Building and Allied Trades' Union
- Founded: 1998
- Headquarters: Dublin, Ireland
- Location: Ireland;
- Members: 10,020 (2002)
- Affiliations: ICTU
- Website: batu.ie

= Building and Allied Trades' Union =

The Building and Allied Trades' Union (BATU) is a trade union representing workers in the construction industry and furniture trade in Ireland.

==Forerunners==
Bricklayers in Dublin appear to have been unionised since at least 1792, and the Old Bodymen was founded in 1802, becoming the Regular Operative Brick and Stonelayers by the 1860s, and the Incorporated Brick and Stonelayers of the City of Dublin in the following decade. In 1888, it registered as the Ancient Guild of Incorporated Brick and Stone Layers Trade Union, although its membership was never large, peaking at 1,367 in 1970.
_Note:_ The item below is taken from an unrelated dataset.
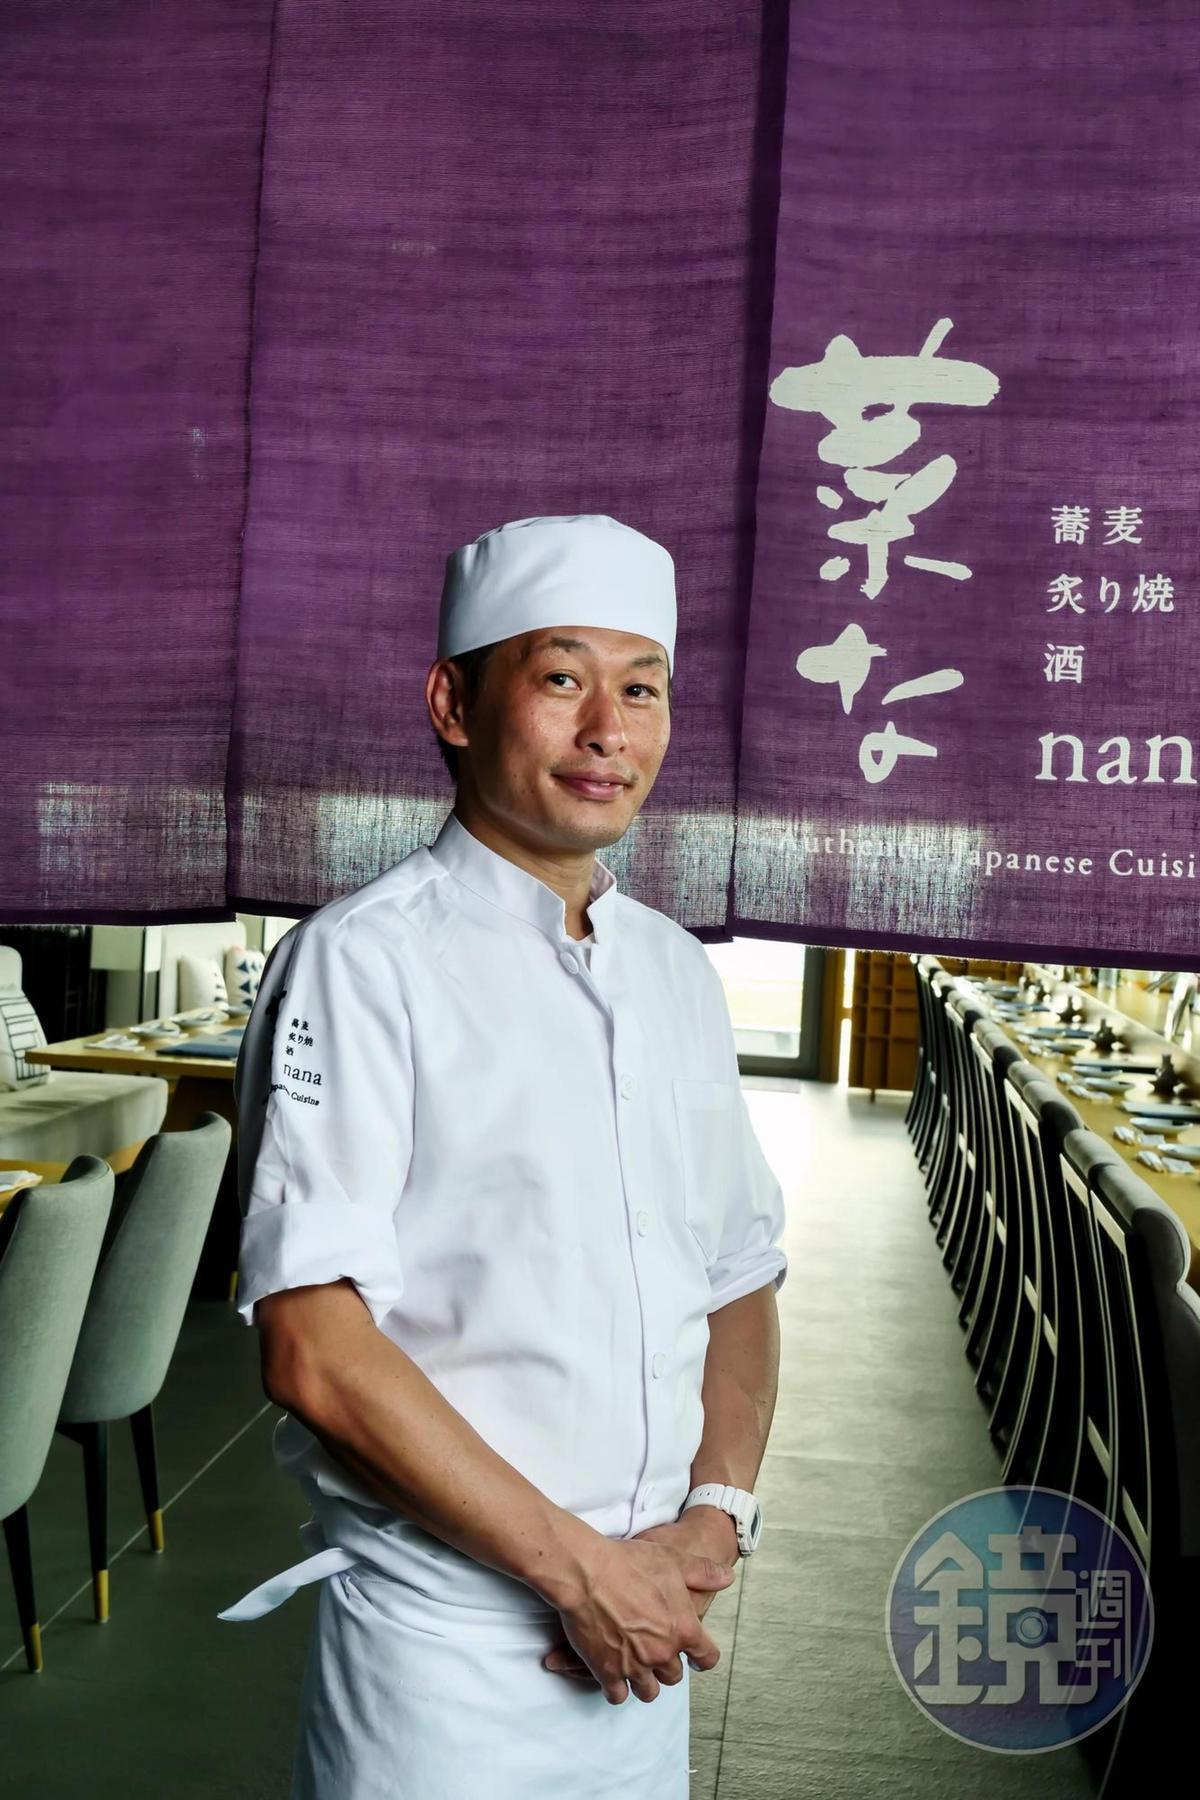 菜な日籍駐店料理長佐京健太郎嫻熟日本料理技巧。

In 1979, the Irish Union of Woodworkers merged with the Irish Society of Woodcutting Machinists, a small union founded in 1934 with a peak membership of 750, to form the National Union of Woodworkers and Woodcutting Machinists.

==Formation==
In 1998, the Ancient Guild of Incorporated Brick and Stone Layers' Trade Union merged with the National Union of Wood Workers and Wood Cutting Machinists, to form the new "Building and Allied Trades' Union".